Fisher's Exact test (FET) was used to analyze categorical outcomes in the histological analysis for gene expression scoring results between MF Stage I, StageII-III and aggressive forms of CTCL (i.e., SS, primary cutaneous CD8⁺ positive aggressive epidermotropic T- cell lymphoma, peripheral T-cell lymphoma, or primary cutaneous gamma-delta T-cell lymphoma). All values were calculated using RStudio version 1.1.456. All statistical significance tests were two-sided. P-values <0.05 were considered statistically significant.

Results

Expression of meiCT Genes in Sézary Syndrome Patients From External Cohorts

Using RT-PCR, western blot analysis and immunofluorescence, we have previously shown that meiCT genes and proteins are ectopically expressed in nine patient-derived cell lines representing both MF and SS, and in lymphocytes isolated from three SS patients (10, 22). We wanted to expand those observations with a different method to attain patient data. We used publicly-available RNA-Seq datasets from two studies focusing on Sézary Syndrome patients (12, 16), as previously described (29). Mean transcripts per million (TPM) values were calculated for each gene for the SS and control groups for Choi et al. (12) and Ungewickell et al. (16) cohorts and then combined the values as one dataset for analysis. Mean TPM values were plotted on bar graphs to compare gene expression levels for Sézary Syndrome vs. normal control patients. Overall, we observed increased gene expression in Sézary patients for all tested genes (Figure 1). Using a rank-based non-parametric approach, these genes showed higher relative expression levels in SS patients compared to controls (Table 1; p < 10⁻⁵ for all genes except for SGO2; p = 0.035 for SGO2).

FIGURE 1

Figure 1. RNA-Seq gene expression of meiCT genes (A) STRA8, (B) STAG3, (C) SGO2, (D) SYCP3, and (E) DMC1 in Sézary Syndrome patients compared to normal/control subjects based on pooled data from Choi et al. (12) and Ungewickell et al. (16) datasets. Data was normalized to a mean TPM value for each cohort. Asterisks indicate statistical significance.

TABLE 1

Table 1. RNA-sequencing results for differentially expressed meiCT genes in two pooled independent cohorts of Sézary Syndrome patients (12, 16).

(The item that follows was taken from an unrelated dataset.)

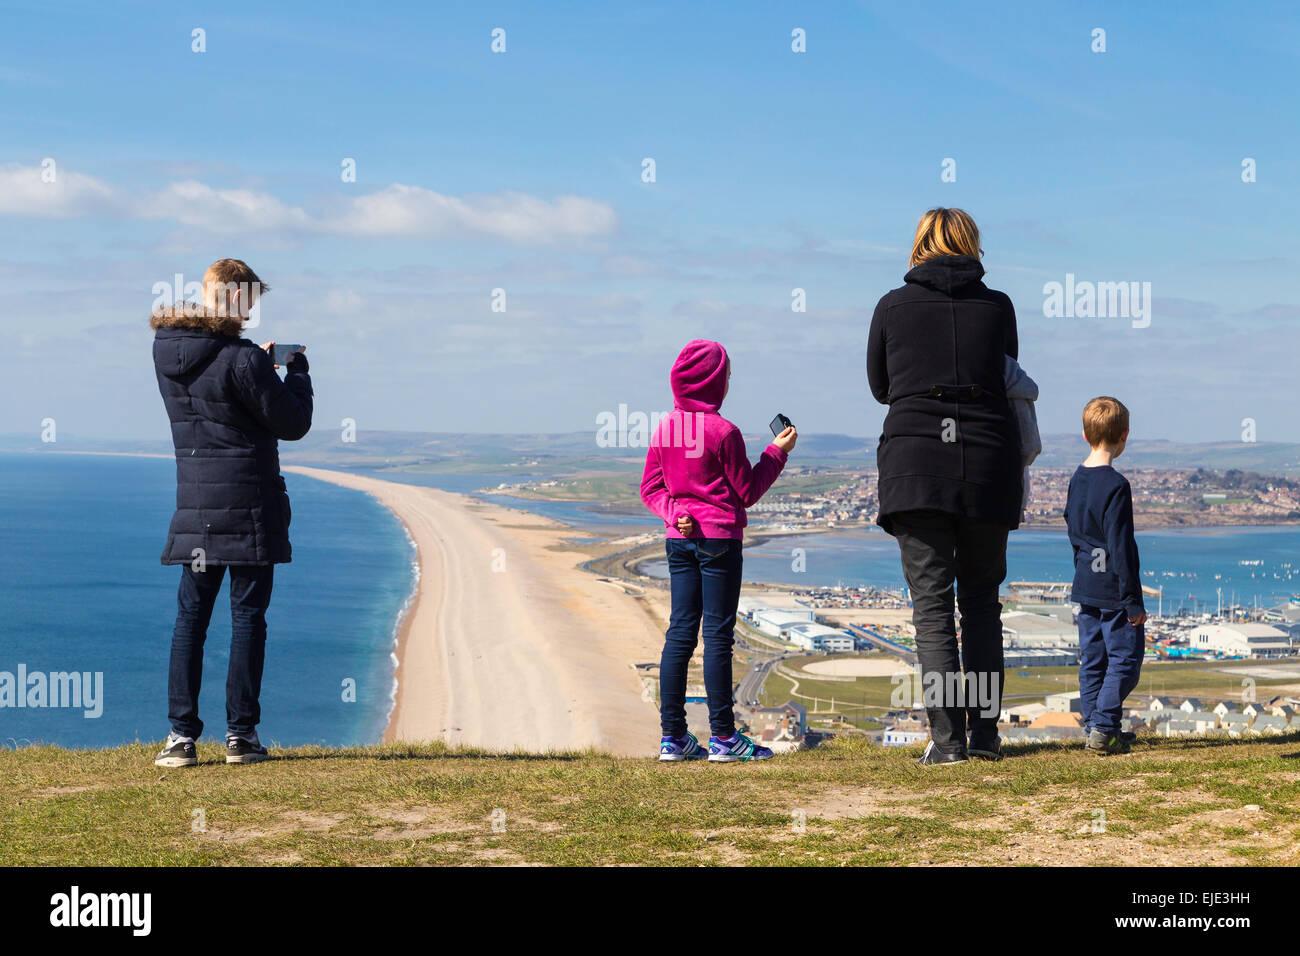 Una familia alemana está tomando fotos y disfrutando de las vistas del puerto de Portland y Cesil Beach en un soleado Foto de stock

Expression of meiCT Genes in CTCL Lesional Biopsies

To further support our RNA-Seq based statistical analysis of meiCT gene expression in SS patients, we used immunohistochemical staining of FFPE skin tissues biopsied from patients with different stages of CTCL, including SS. We analyzed IHC staining for 5 meiCT genes that are expressed at various stages of meiosis, ranging from initiation to homologous recombination, in 32 CTCL samples isolated form 29 patients. Patient age ranged from 21 to 90 years with a median of 65 ± 18 years with a male to female ratio of 1:1.9. Control samples included normal human skin, and human testis.

The percentage and intensity of positively stained cells of the atypical lymphoid infiltrate was recorded for each sample and for all five genes (Table 2). Positive cells displayed characteristic features of malignant T-lymphocytes including atypical/cerebriform nuclear contours and enlarged and/or hyperchromatic nuclei within the papillary dermis (mixed lichenoid infiltrate).

TABLE 2

Table 2. Results of MeiCT gene expression in lesional skin biopsy samples of patients with CTCL.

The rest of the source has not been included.